The MSCI All-World Index of global stocks is set to end a 7-quarter winning streak – its longest such stretch of gains since 1997 – while global bonds are set for their first decline in currency neutral terms since 2016. The “melt-up” that sent the MSCI’s world share index up 8% in January has melted away, and now the Dow Jones, S&P 500, FTSE Nikkei and scores of other big markets are all down for the year.

“We have got to make sure (the market selloff) …is not too prolonged because the longer this goes the higher the chance it will start to affect the man on street,” said Head of Equities at London & Capital Roger Jones.

So heading into Easter weekend, European stocks are higher on Thursday after a mixed, if mostly higher session in Asia, as equity markets staggered toward the end of the most tumultuous quarter in years.


For the third consecutive day, S&P futures support at the 2,600 level, and we trading at session highs, 10 points higher than Wednesday’s close, around 2,618, while the VIX edged lower in early trading. “I think most of these markets are staring at the 200-day moving average on the S&P 500 to see if it breaks,” said Societe Generale’s Kit Juckes. As a reminder, the S&P 200DMA is at 2,588, so around 30 points lower.VIX


Europe’s Stoxx 600 Index headed for a 3rd day of gains as most major country bourses traded quietly in the green. Automakers led the move higher after Renault and Nissan Motor were reported to be in talks to merge. Defensive sectors were in the red with focus on utilities and healthcare whilst broad gains are seen across all the other sectors. Sodexo (-14.1%) was the laggard this morning after reporting its earnings, dragging down Elior (-1.0%) and Compass (-3.6%) in the UK food catering segment. SwissRE (+2.9%) is leading the SMI after Softbank is said to be interested in building a 25% stake in the Co. for a USD 9.6bln deal. TomTom suffered losses of 6.3% after approaching Deutsche Bank for a potential sale of the whole firm or minority stake but then denied calling for an adviser to seek potential buyers. Understandably, volumes were subdued, with many traders wrapping up ahead of a long weekend.

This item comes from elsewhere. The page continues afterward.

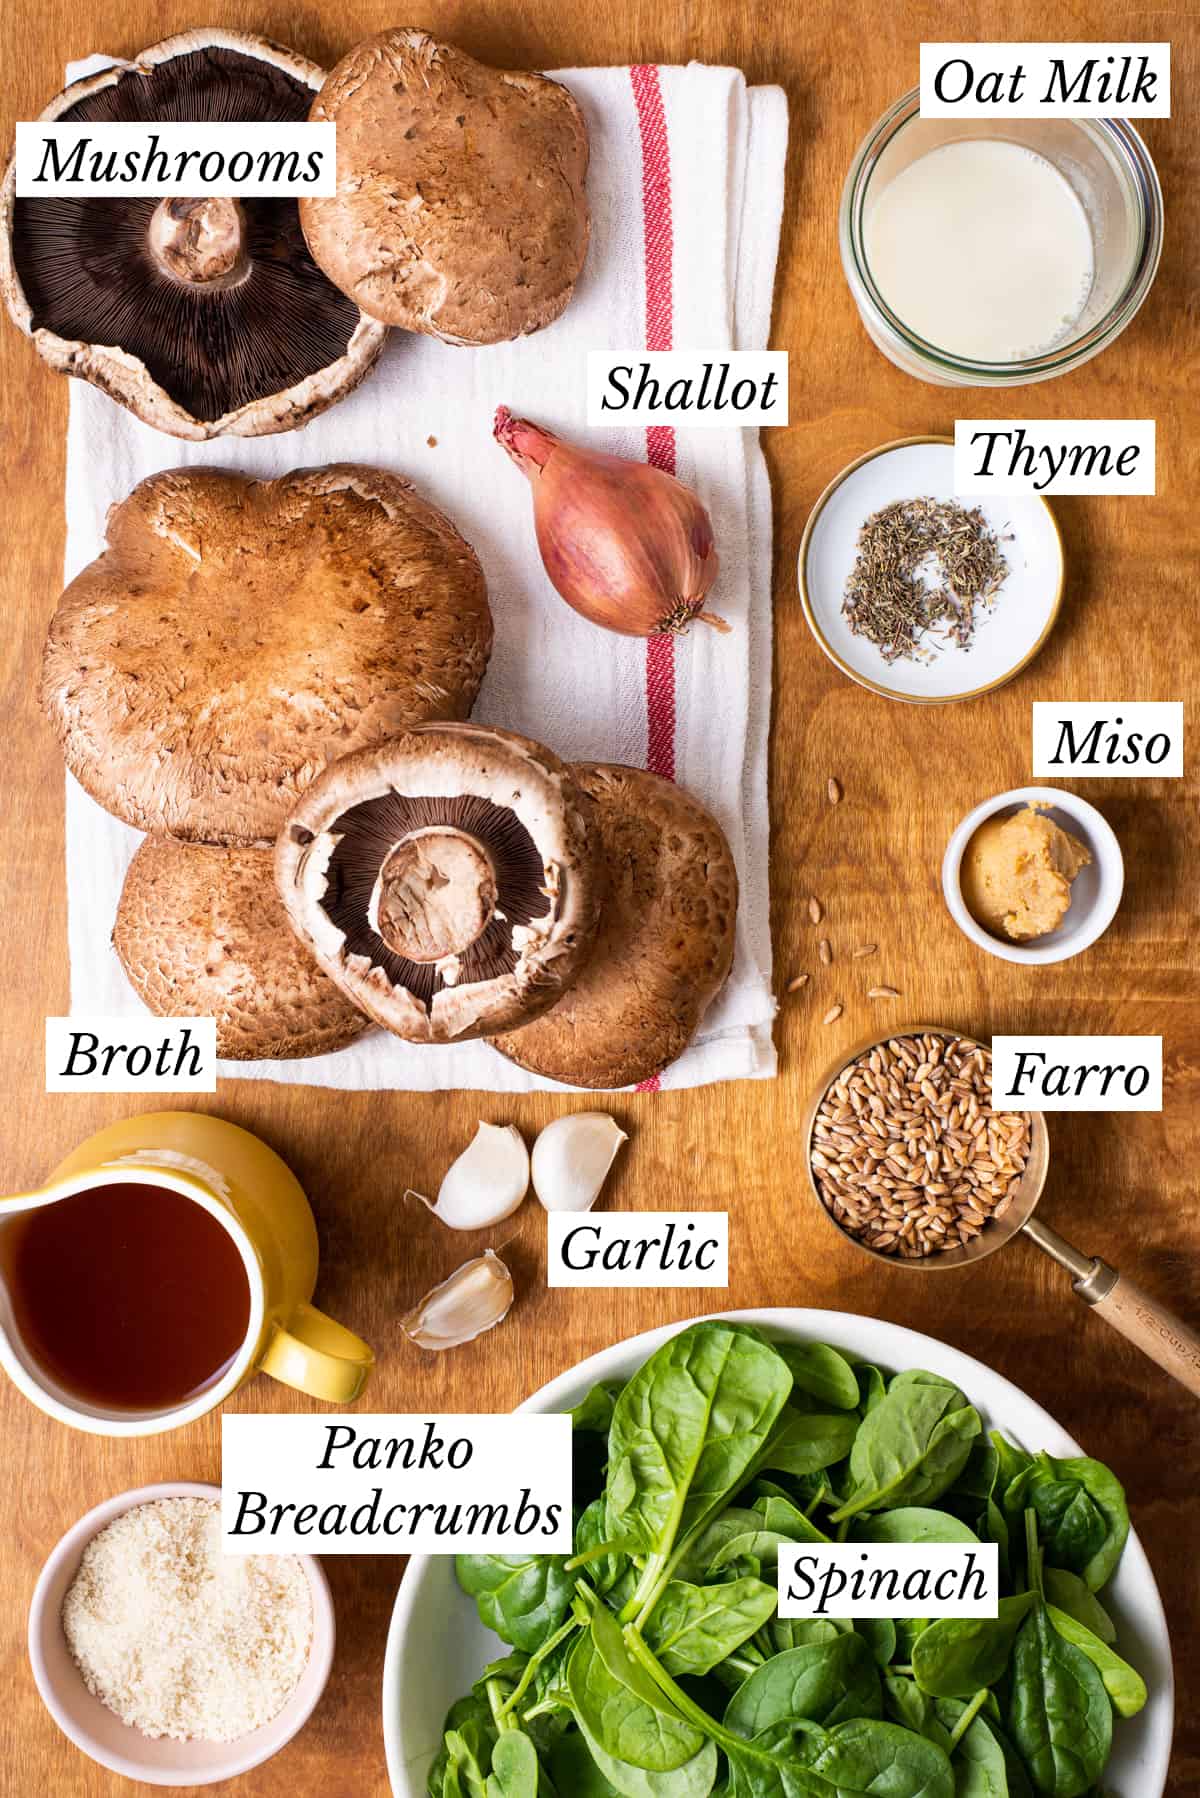 Ingredients gathered on a wooden table to make vegan stuffed portobello mushrooms.

To be sure, the overnight quiet has been the exception lately, with the Stoxx 600 making gains or losses of more than 1% 16 times in the current quarter.


Earlier in Asia, equity markets traded indecisive as bourses failed to completely shrug-off the lacklustre lead from Wall Street. Helping the mood were media reports that Japan had sounded out North Korea’s government about a bilateral summit, and that Pyongyang had also discussed the possibility of a broader meeting with other global leaders. As a result, Japanese shares closed higher even as the yen retraced some of Wednesday’s slump, while stocks in China and Korea gained. ASX 200 (-0.5%) and Nikkei 225 (+0.6%) were mixed with Australia dragged lower by tech as well as recent weakness across commodities, while the Japanese benchmark was propped up for most the day by a softer currency. Elsewhere, Hang Seng (+0.2%) and Shanghai Comp. (+1.2%) were choppy in the midst of earnings season and with initial gains seen following reports of VAT reductions, although continued liquidity inaction by the PBoC and ongoing trade tensions with the US eventually weighed.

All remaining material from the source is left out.